Applesauce
Pat Cunningham offers an unabashedly liberal perspective on national politics. A note of caution: The language gets a litttle salty on some of the sites to which this blog links. So, don’t say you weren’t warned. By the way, this blog’s name is inspired by the Will Rogers quote, “All politics is applesauce.”

The best column on Sarah Palin I’ve ever read

November 22nd, 2009 at 09:17am Pat Cunningham

 20081030-sarah-palin.jpg

 Frank Rich CONCISELY ANALYZES the strengths and weaknesses of the former Alaska governor and smartly pegs her place in the overall scheme of American politics.

 A few excerpts:

 Palin is far and away the most important brand in American politics after Barack Obama, and attention must be paid. Those who wishfully think her 15 minutes are up are deluding themselves…

 Palin’s political appeal has never had anything to do with facts — or coherent policy positions. The more she is attacked for not being in possession of pointy-headed erudition, the more powerful she becomes as an avatar of the anti-elite cause. As Rich Lowry, the editor of National Review, has correctly observed, “She represents less a philosophical strain on the right than an affect and a demographic.”

 That demographic is white and non-urban: Just look at the stops and the faces on her carefully calibrated book tour. The affect is emotional — the angry air of grievance that emerged first at her campaign rallies in 2008, with their shrieked threats to Obama, and that has since resurfaced in the Hitler-fixated “tea party” movement (which she endorses in her book). It’s a politics of victimization and sloganeering with no policy solutions required beyond the conservative mantra of No Taxes. Its standard-bearer can make stuff up with impunity: “Thanks, but no thanks on that bridge to nowhere; Obama’s “palling around with terrorists”; health care “death panels”…
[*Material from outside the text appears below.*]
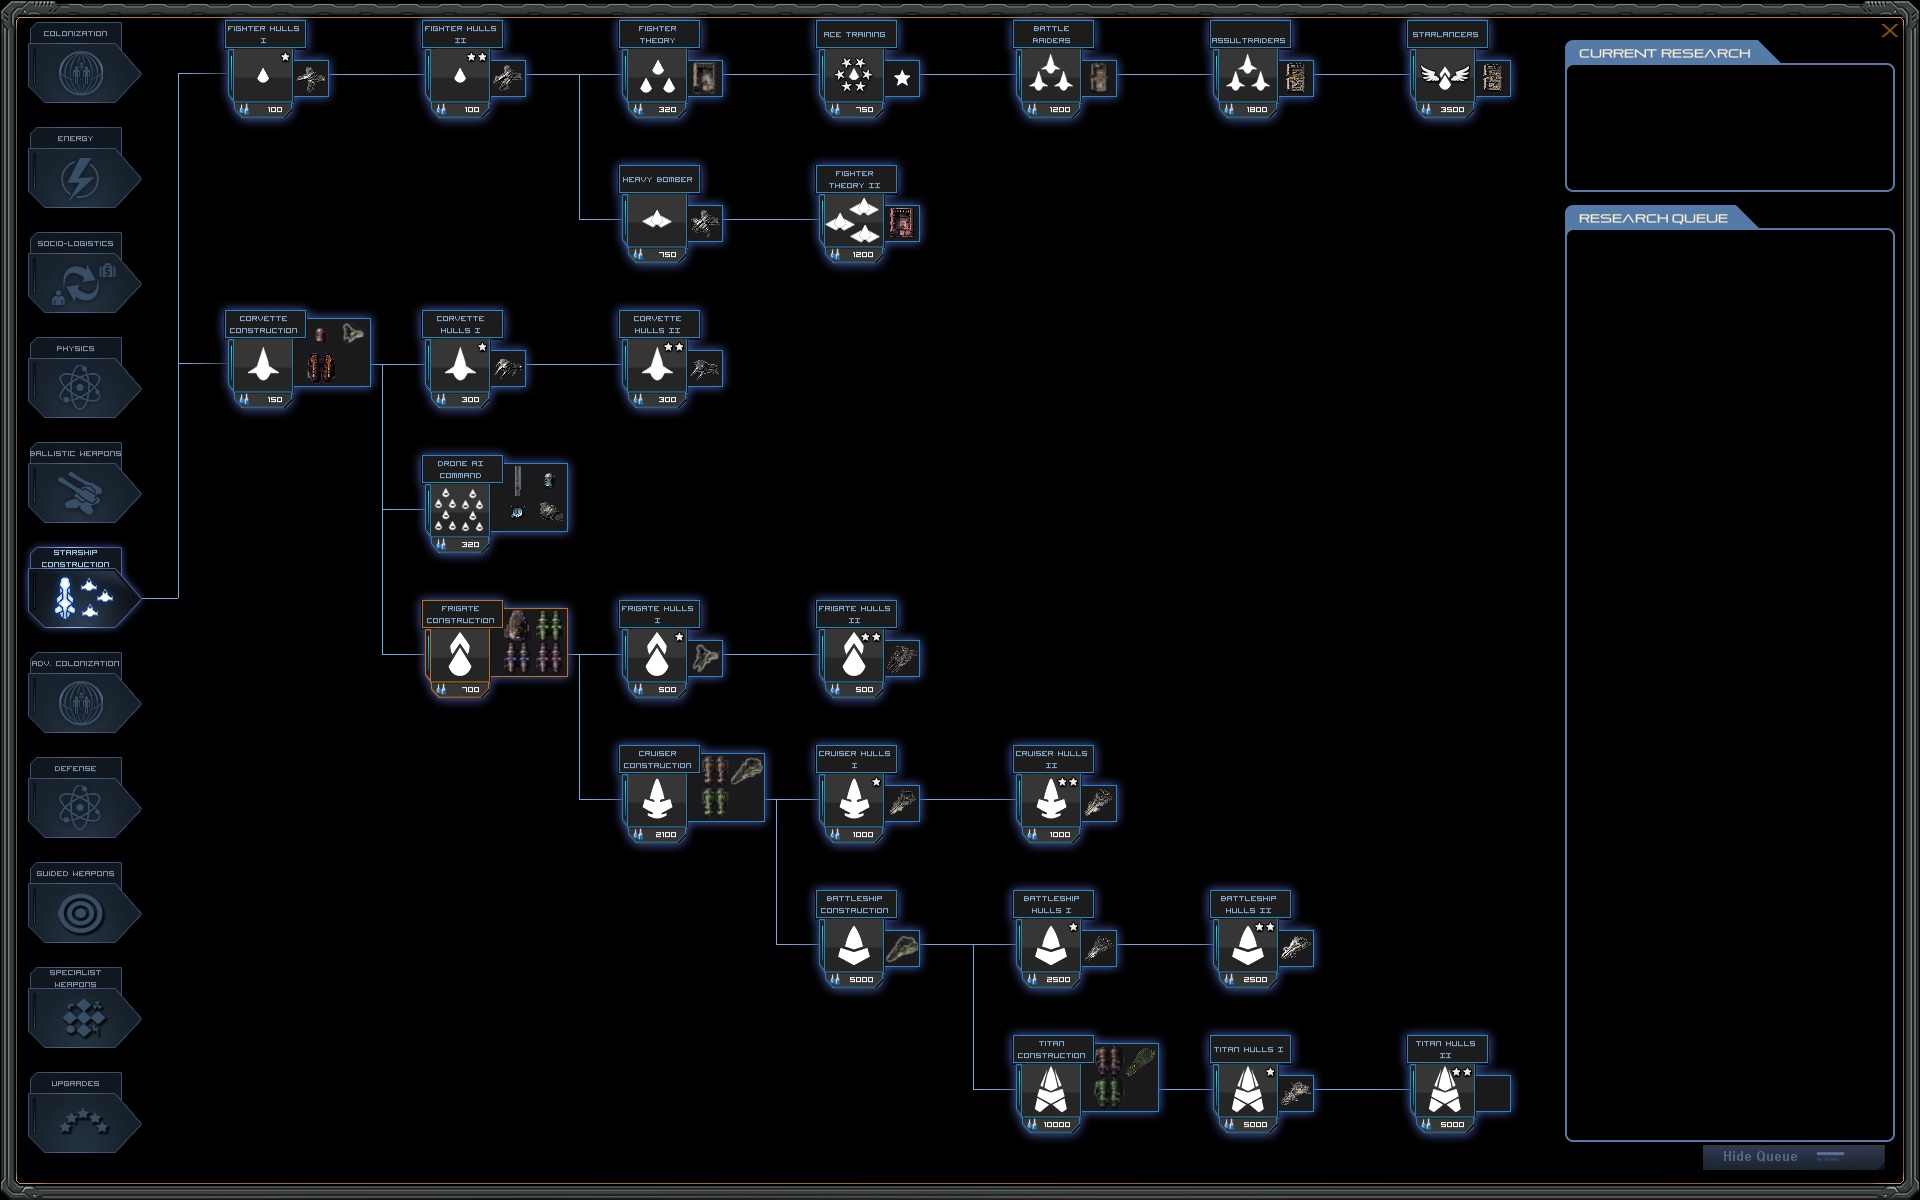 stardrive 2 research tree

 Culture is politics. Palin is at the red-hot center of age-old American resentments that have boiled up both from the ascent of our first black president and from the intractability of the Great Recession for those Americans who haven’t benefited from bailouts. As Palin thrives on the ire of the left, so she does from the disdain of Republican leaders who, with a condescension rivaling the sexism they decry in liberals, belittle her as a lightweight or instruct her to eat think-tank spinach.